Public library in Vergennes, Vermont, US

Bixby Memorial Free Library is a public library located in Vergennes, Vermont. The library serves five Vermont communities: Addison, Ferrisburgh, Panton, Vergennes, and Waltham.

== History ==
The library is a memorial to local business owner William Gove Bixby, who bequeathed the funds to build it. Frederick G. Frost was the architect.

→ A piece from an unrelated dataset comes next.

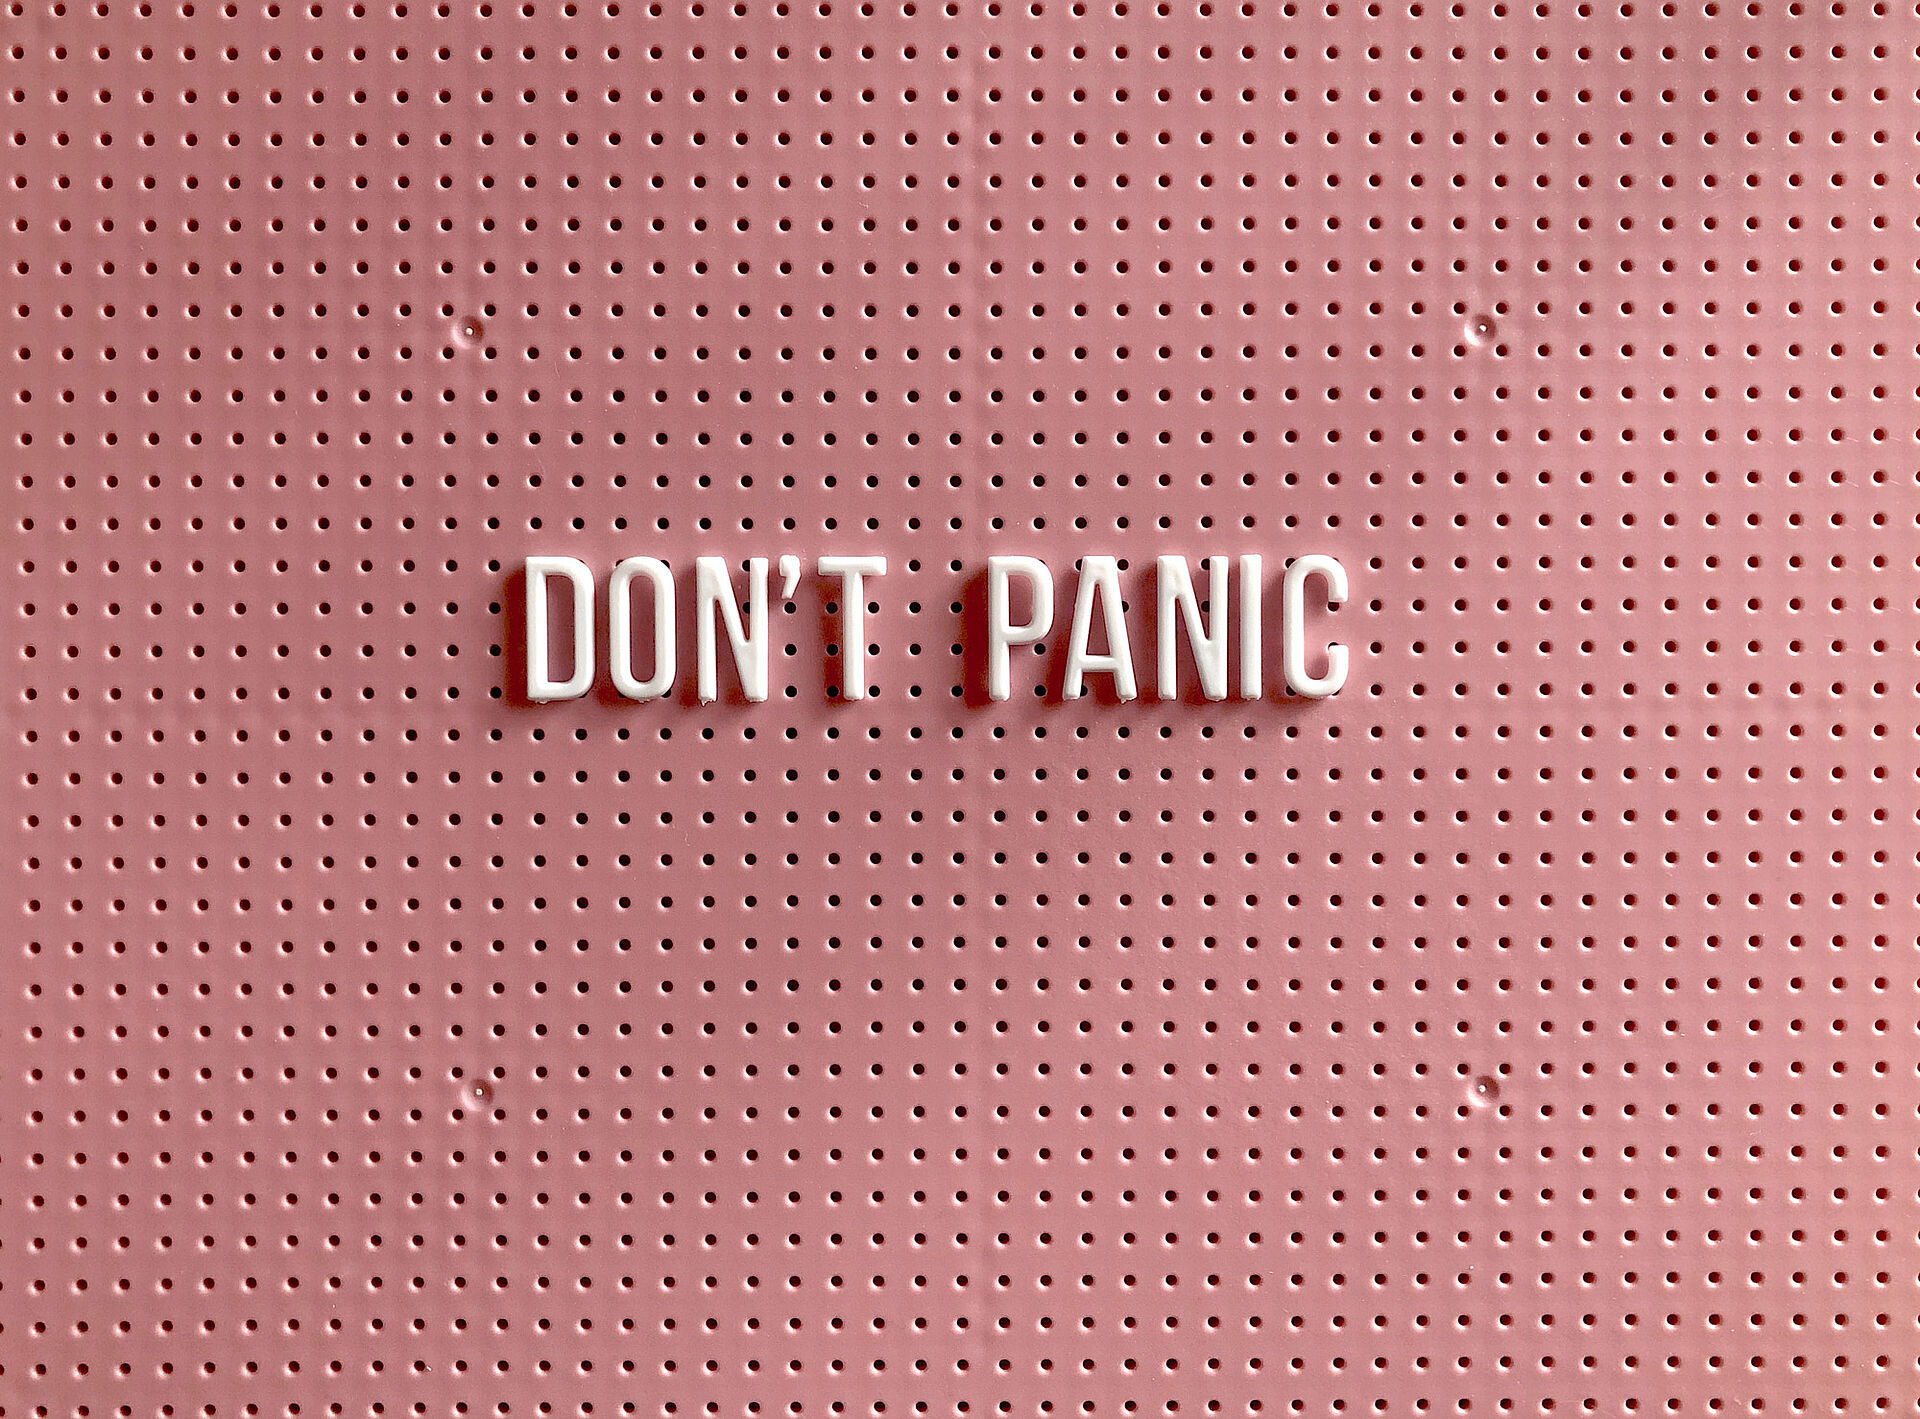 Lettering "Don't Panic" on pink background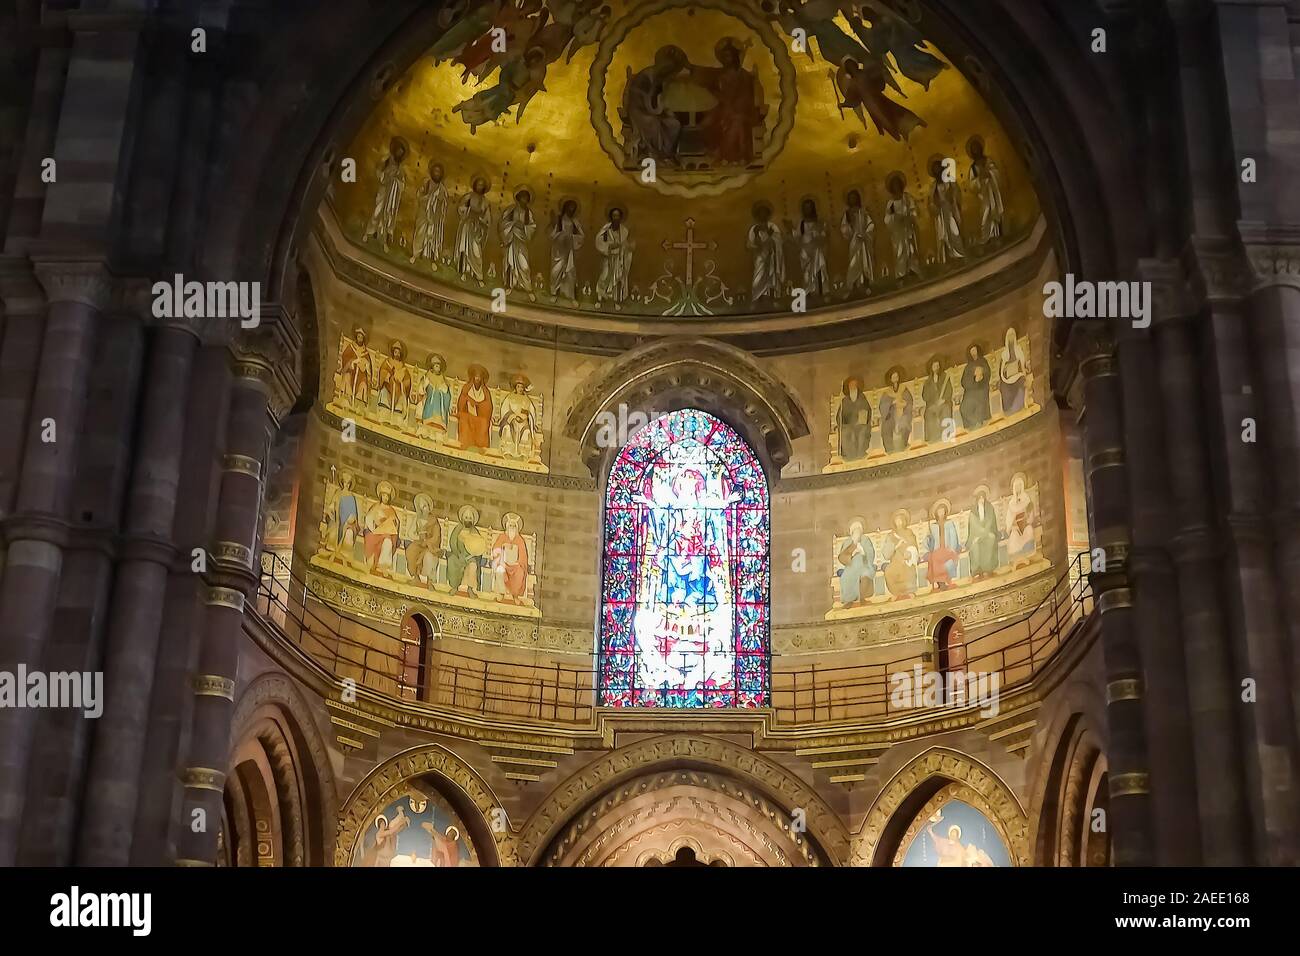 Strasbourg, France - december 1,2019: Detail of main altar inside of Strasbourg Cathedral or the Cathedral of Our Lady of Strasbourg Stock Photo

The cornerstone was laid in September 1911. On August 1, 1912, the 3,530 volumes plus public documents, government reports and unbound magazines of the City Library were transferred to the newly opened Bixby Library and dedication ceremonies were held on October 1, 1912. At the dedication, President John M. Thomas of Middlebury College said:“The free public library is one of our great modern democratic institutions. It is supported by all for the uplift of all…This library should be a working tool for this community, entering into every part of its life, industrial, educational, civic and religious.”On November 4, 1912, Bixby Library was first opened for the circulation of books, and every day until November 12, students and their teachers from the elementary and secondary schools visited to sign up for library cards and check out books—a total of 239 students. In addition to providing materials for circulation and places for quiet reading or study, the library was a community center. During World War I, the basement rooms were used by the Red Cross and, thereafter, were available to local residents for rest and relaxation from 9:00 a.m. to 9:00 p.m. daily. By the tenth anniversary celebration on October 5, 1922, an annual circulation exceeding 30,000 was reported, a figure that increased to 39,903 in 1931.

== Services ==
The Bixby Library's holdings includes books, large print books, audiobooks, DVDs, eBooks, and periodicals. The library provides free WiFi access, public computers, and printing services.